И тут в записи Бениславской вновь появляется фигура Л.О. Порицкого, давшего ей то, о чём мечтает каждая женщина:
«Я очень рада встрече с Л. Это единственный, кто дал мне почувствовать радость, и не только физически, радость быть любимой. Только Лев был настоящим. Мне и сейчас дорого то безрассудство, но это всё равно.
Пускай бы Сергей обозлился, за это я согласна платить. Мог уйти. Но уйти так, считая столы и стулья – “это тоже мое, но пусть пока останется” – нельзя такие вещи делать».

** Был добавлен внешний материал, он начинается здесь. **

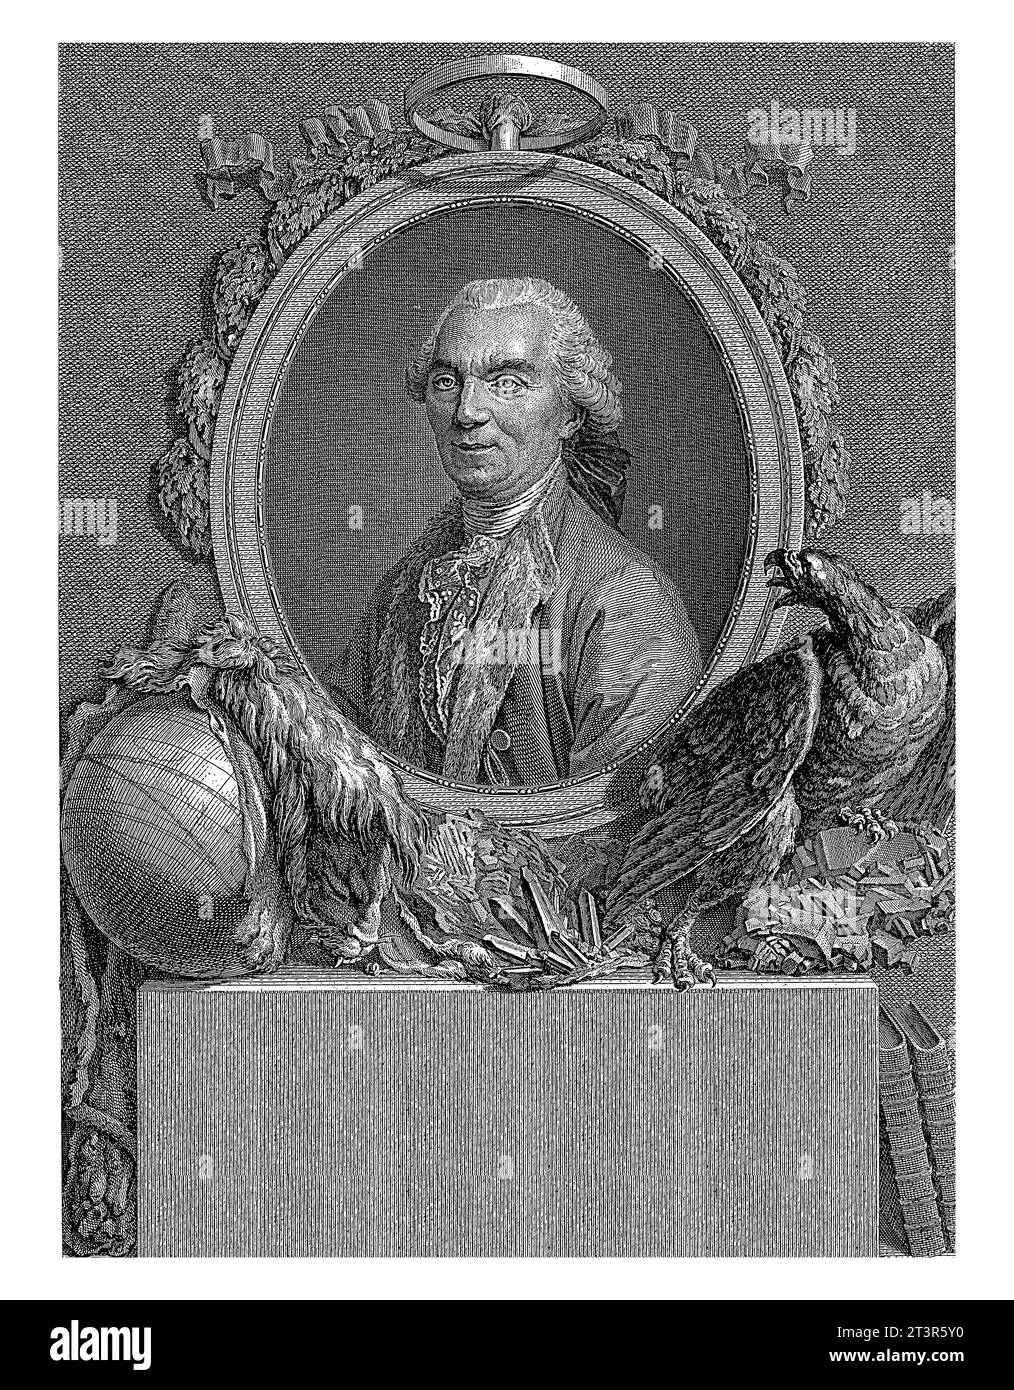 Portrait of Georges-Louis Leclerc, Count of Buffon, Vincenzo Vangelisti, after Andre Pujos, 1777, vintage engraved. Stock Photo

То есть Галину Артуровну не столько пришиб уход Есенина – к этому она была психологически готова, – сколько та форма, в которой это было сделано. И она пыталась разобраться в том, почему именно так случилось. То есть опять и опять искала оправдания любимому. «Теперь спокойнее: всё предыдущее верно. Почему случилось? – знаю. Что своё дело сделали и зима, и клевета, и даже клевета сделала больше, чем то, что было в самом деле, факт. Сергею трудно было не взбеситься, и не в силах он был оборвать это красиво. То грубое, что в нём всегда было, всё это всплыло при усиленных стараниях Наседкина, и Сахарова, и Анны Абрамовны[119]. Все это, конечно, было болезненно, и должно было обозлить его».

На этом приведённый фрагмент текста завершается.